__Your instructions__:
Leave out all pictures and retype exactly the lines from the one with "Was digging through" through the last line of the material.

*** Source material Section Begins ***

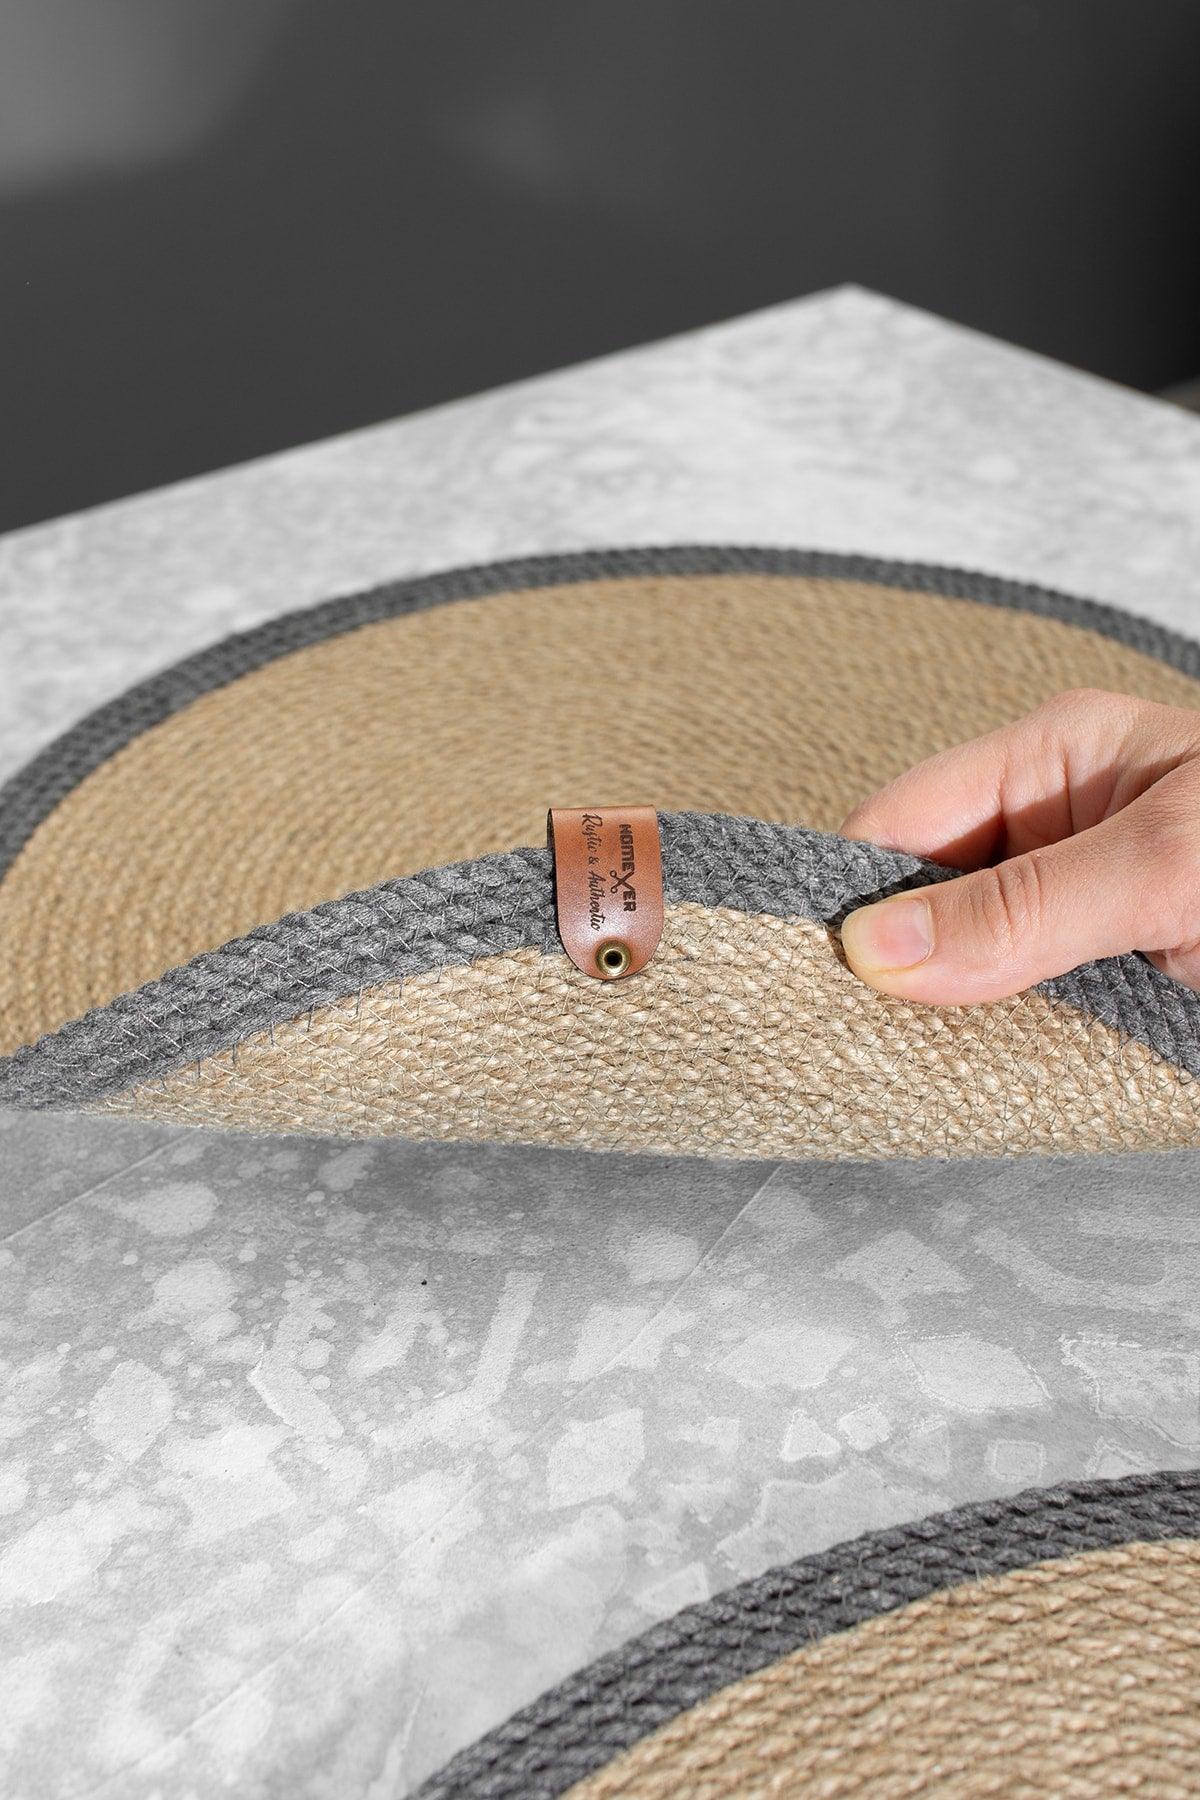 2 Pieces 32cm Round Gray Striped Placemats Straw Jute Knitted Base Presentation Set - Swordslife
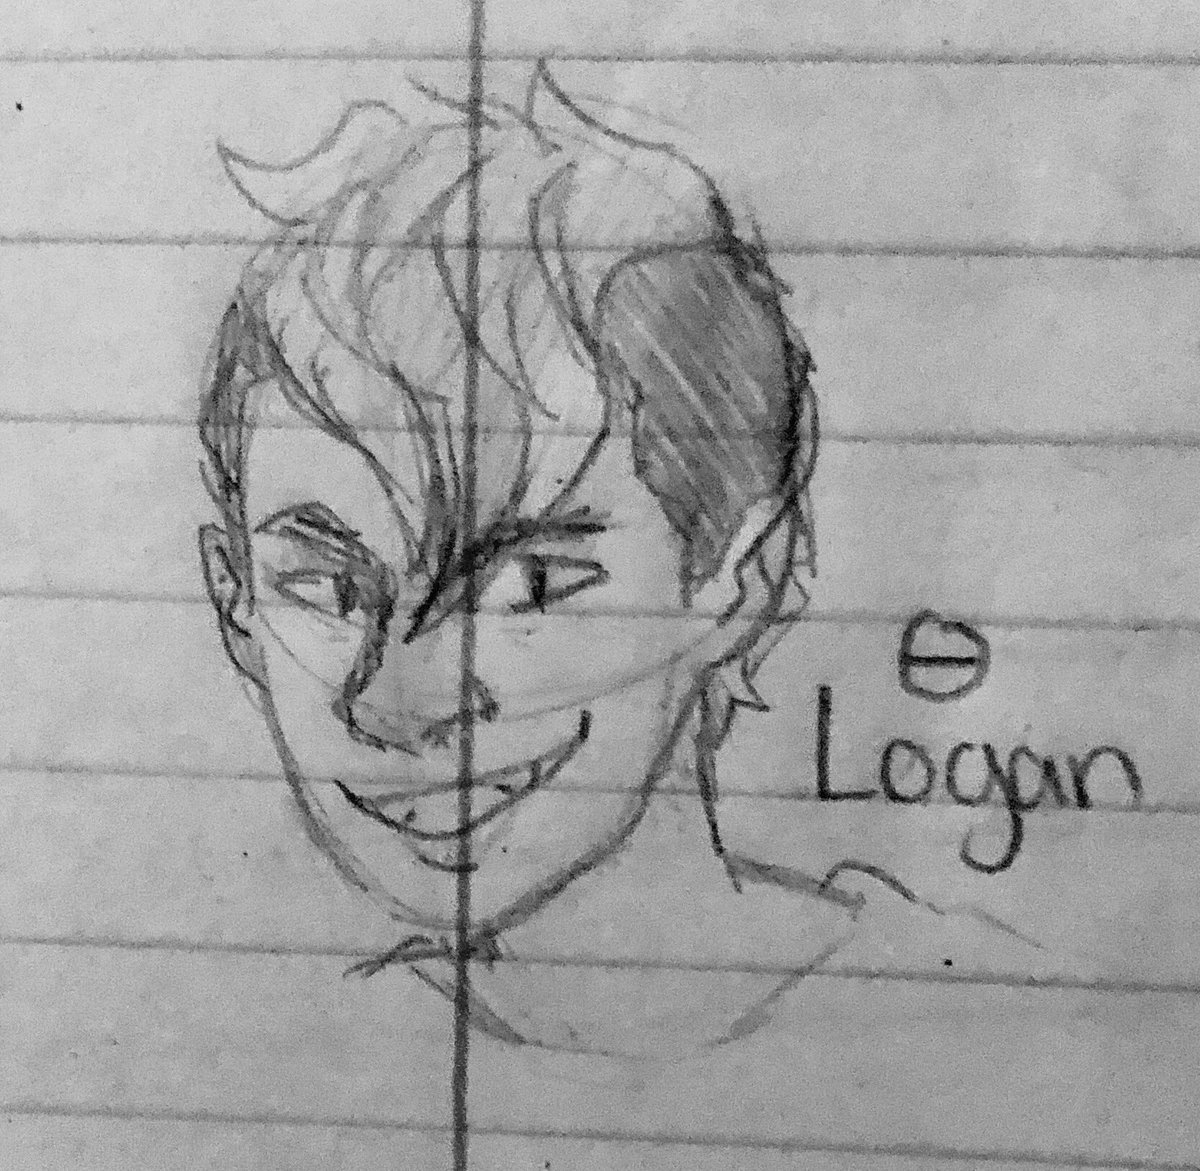 Was digging through some old notebooks and found what I think are some of the oldest drawing I still have of my OC Cyrus (formerly Logan) and comparing them to what his design is like now..... wow 
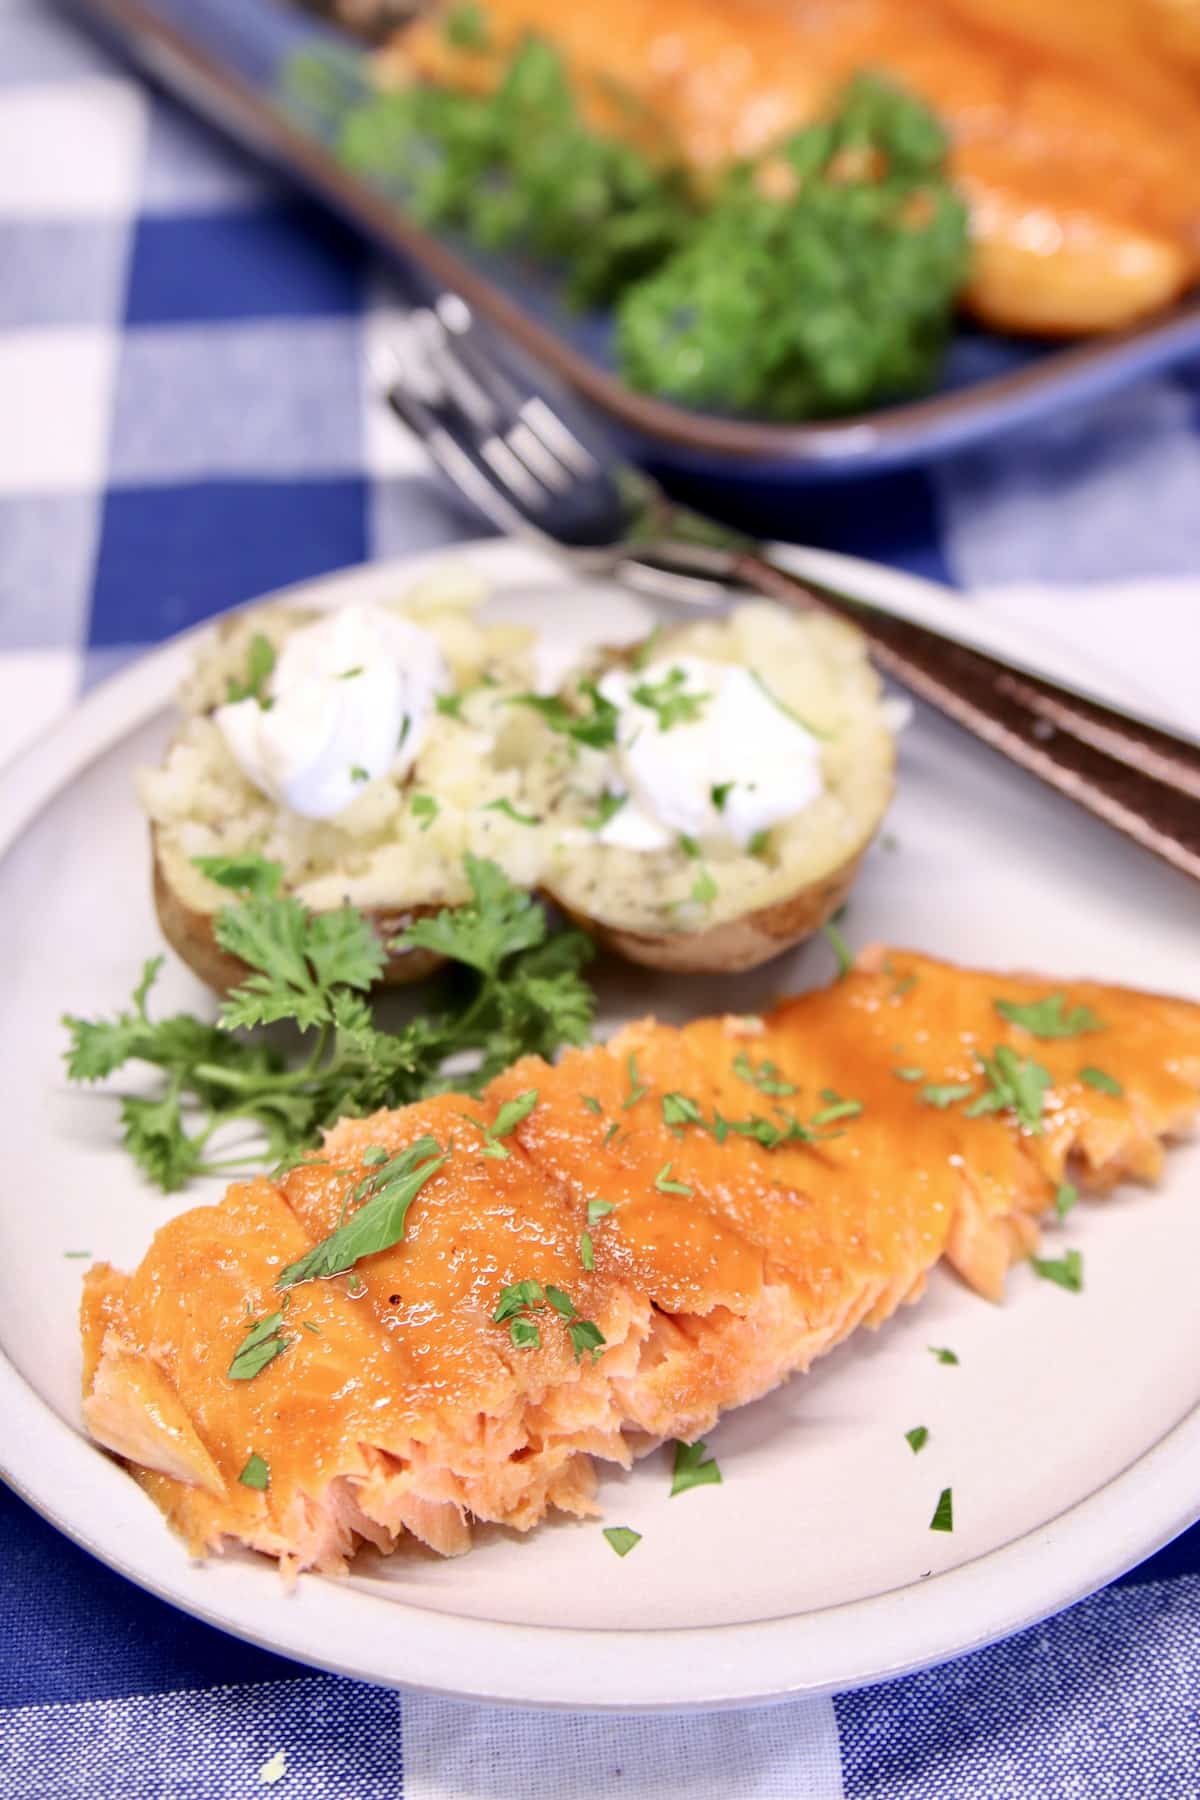 Plated salmon fillet with baked potato.

*** Source material Section Ends ***

__Your response__:
 Was digging through some old notebooks and found what I think are some of the oldest drawing I still have of my OC Cyrus (formerly Logan) and comparing them to what his design is like now..... wow 
 Plated salmon fillet with baked potato.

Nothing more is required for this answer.